Первого вантоза III года делегации секций Хлебного Рынка и Красного Колпака (вскоре она откажется от этого имени) были допущены к решетке Конвента. В своих обращениях они поздравили депутатов с началом расследования по делу членов прежнего Комитета общественного спасения — правительства, которое «за пятнадцать месяцев причинило столько зла нашему отечеству, сколько все тираны рода человеческого не причинили ему за пятнадцать веков». Также они поздравили законодателей с решением о выносе праха Марата из Пантеона и с тем, что благодаря этому будет призван к порядку «постыдный энтузиазм». Секция Хлебного Рынка яростно обрушилась на членов Революционных комитетов — «свирепых людей, которые принесли столько зла» и которые, «будучи жестокими и слабоумными», должны быть поставлены в условия, когда они «не смогут причинять вред». Она призвала законодателей действовать еще более энергично и смело продвигаться вперед: чтобы стереть воспоминание об этих жестоких пятнадцати месяцах и восстановить единство французского народа,
«заставьте исчезнуть все памятники, которые напоминают о былом расколе; пусть Гора, возведенная перед Домом Инвалидов и породившая столько других Гор, пусть те дни, которые опозорили ее, те пресмыкающиеся, которых мы видели на ней и которые напоминают об одиозных названиях, пусть эта фигура, которую уничтожает великан, фигура аллегорическая и химерическая, как и призрак, эмблемой которого она служит, — пусть все это исчезнет и не вызывает мучительных воспоминаний».
Эти предложения хорошо знавшие памятник депутаты встретили аплодисментами.
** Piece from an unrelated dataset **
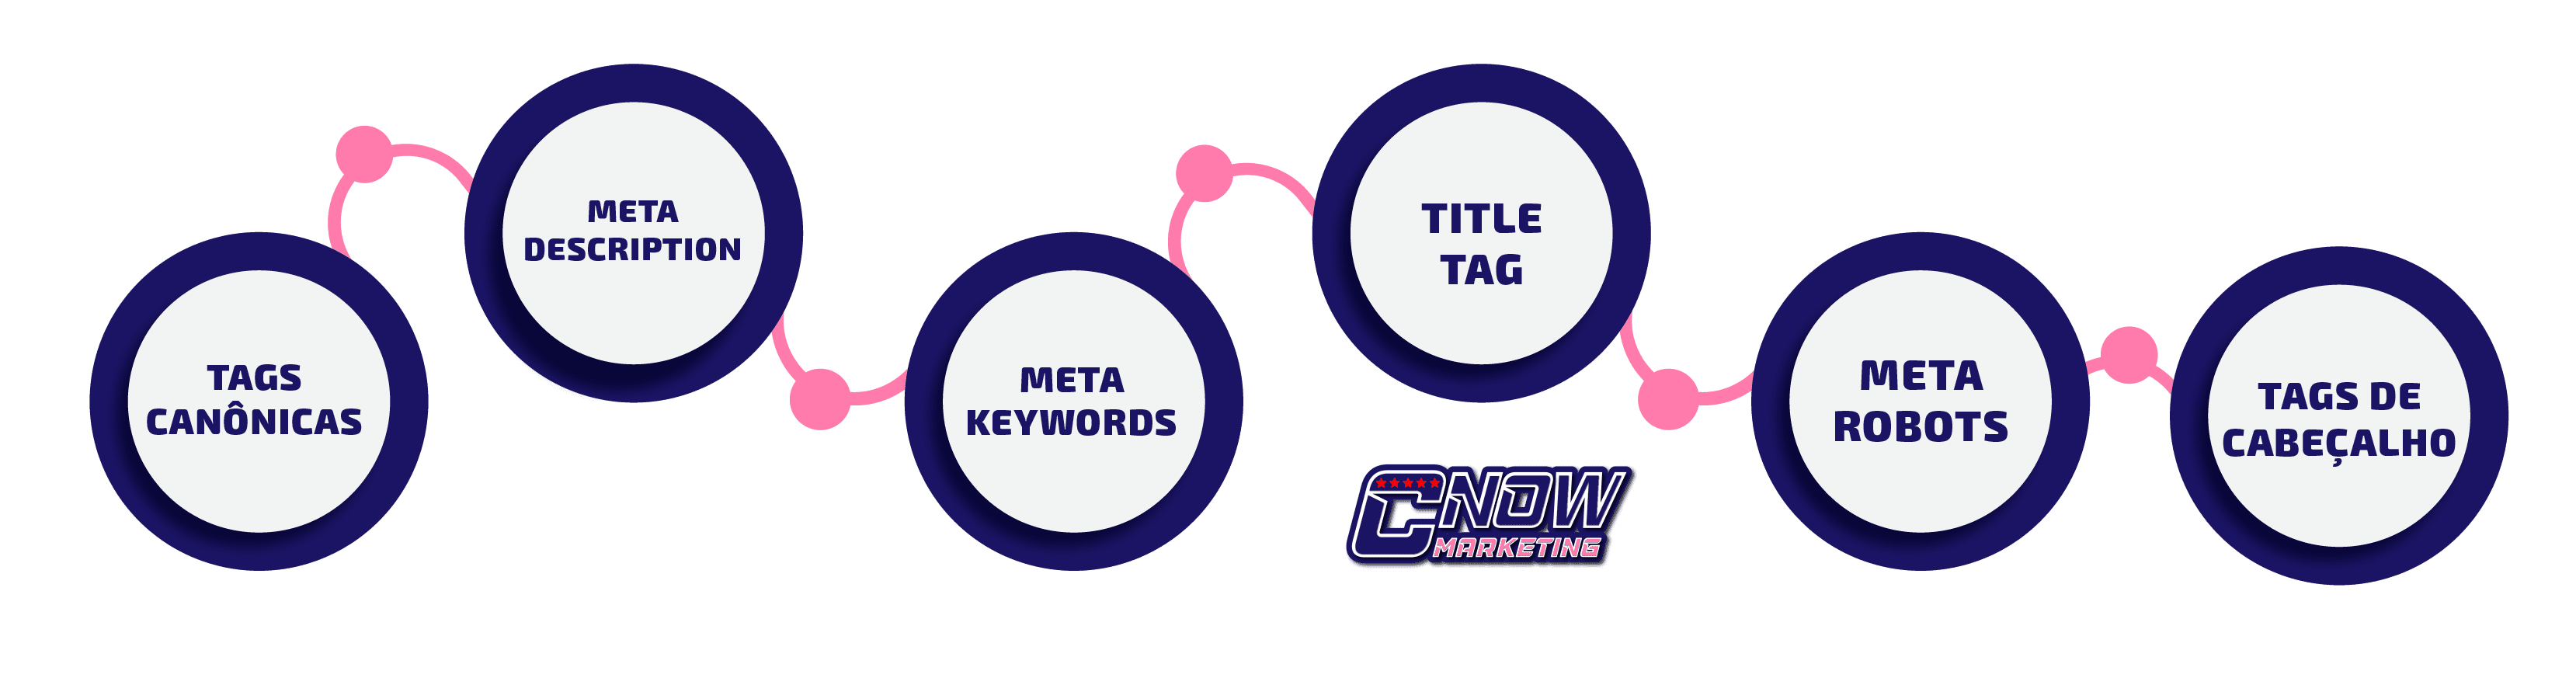 Quais ferramentas são usadas para criar meta tags?
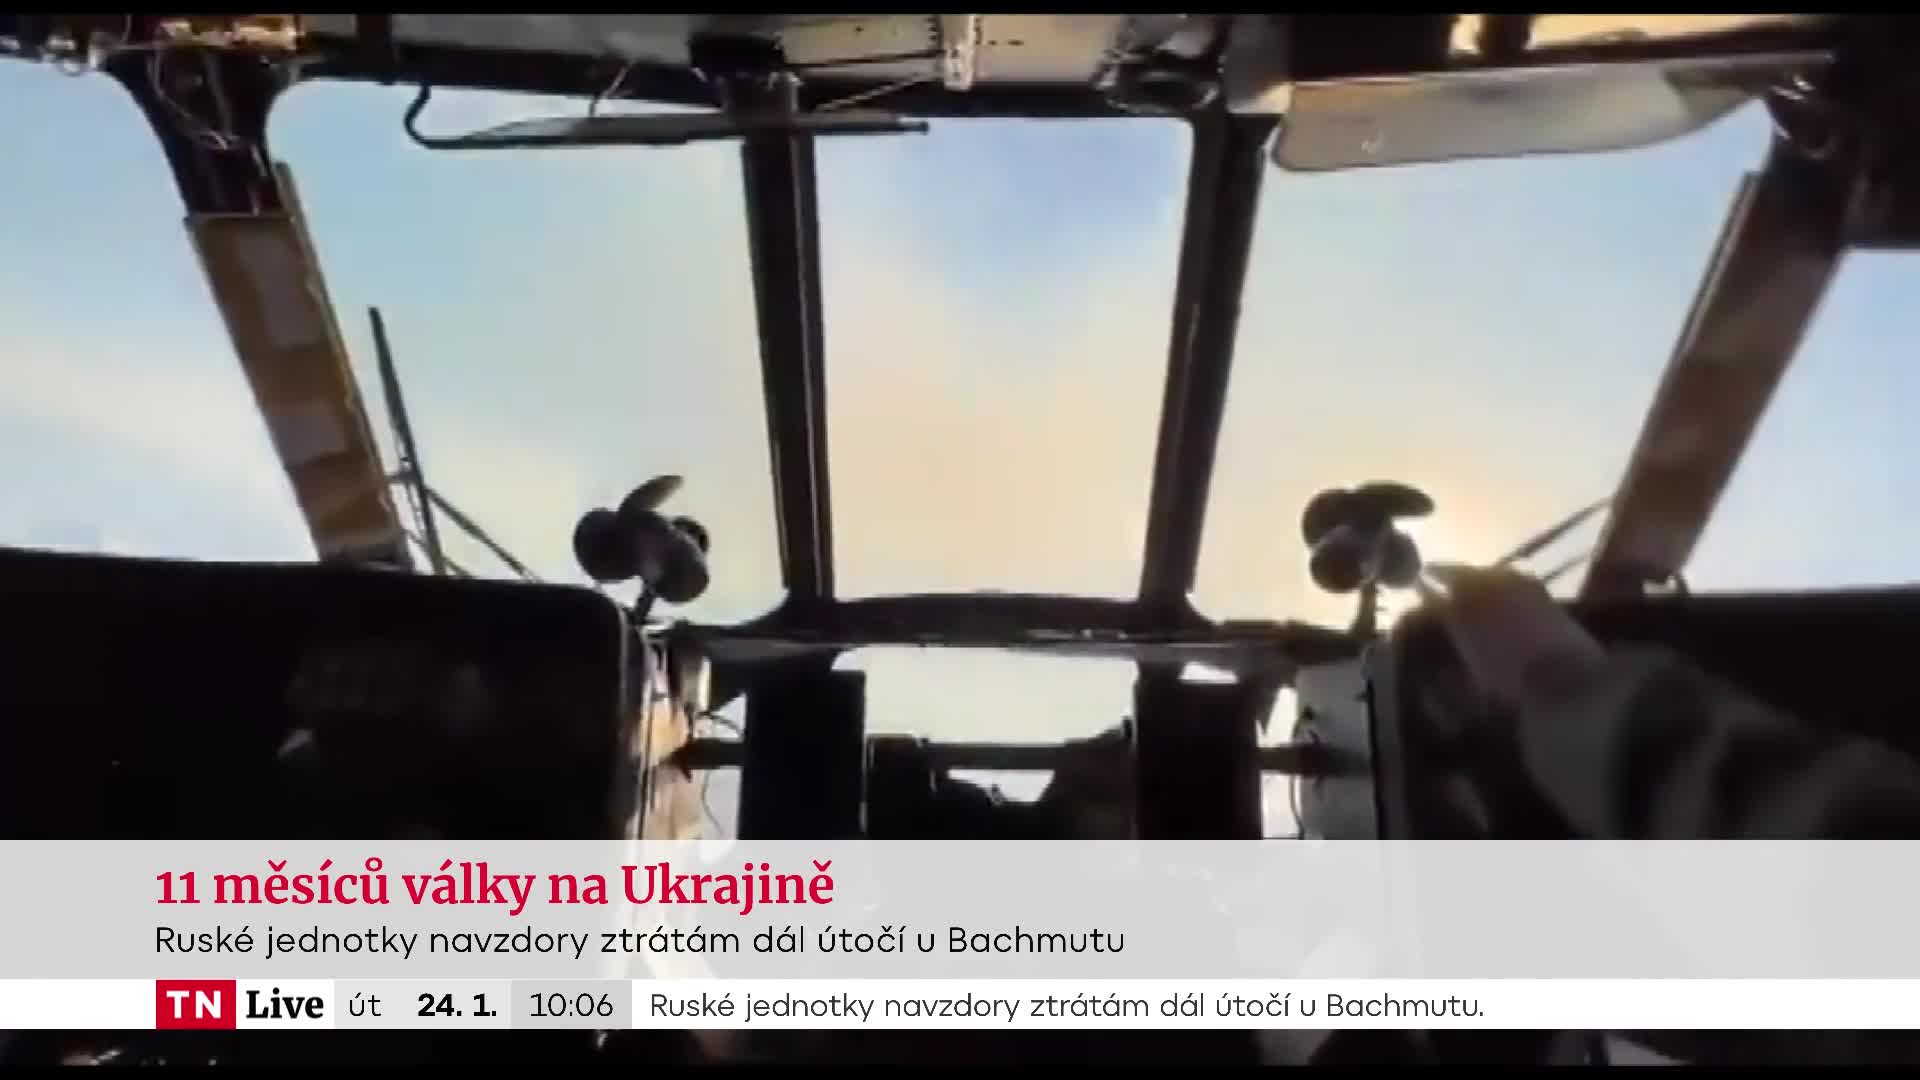 Ruské jednotky dál útočí u Bachmutu. Hrdinný vzdor Ukrajinců vejde do dějin, říká Vojáček

Ведь это они сами постановили в августе 1793 года воздвигнуть статую, чья разработанная Давидом символика покорила тогда их воображение:
«На вершине горы будет находиться колоссальная фигура, изображающая французский народ, твердой рукой собирающий воедино департаменты; честолюбивый федерализм вылезает из своего грязного болота, одной рукой отодвигая камыши, а другой [рукой] стараясь урвать свою долю. Заметив это, Французский народ берет свою палицу, поражает его и загоняет обратно в стоячие в оды, чтобы он никогда более оттуда не вышел».
Через семь месяцев после Термидора лишь немногие депутаты узнавали себя в этом возвышающемся на горе «Народе-Геракле»; теперь статуя казалась им «террористической и вандальской». Памятник венчал великан, однако «этот великан — Робеспьер». Они вооружили его палицей, «однако произошла ошибка — его следовало бы заставить держать гильотину». Лишь один голос поднялся в защиту этого монумента:
«Из уважения к французскому народу не давайте аристократам возможности полюбоваться его разрушением. Вы оскорбляете ваших избирателей. Вы оскорбляете народ всякий раз, когда уничтожаете воплощающие его образы».
Конвент был возмущен, раздалось несколько голосов: «Это не образ народа, это образ изуродовавшего Конвент тирана». И депутаты проголосовали за разрушение[201].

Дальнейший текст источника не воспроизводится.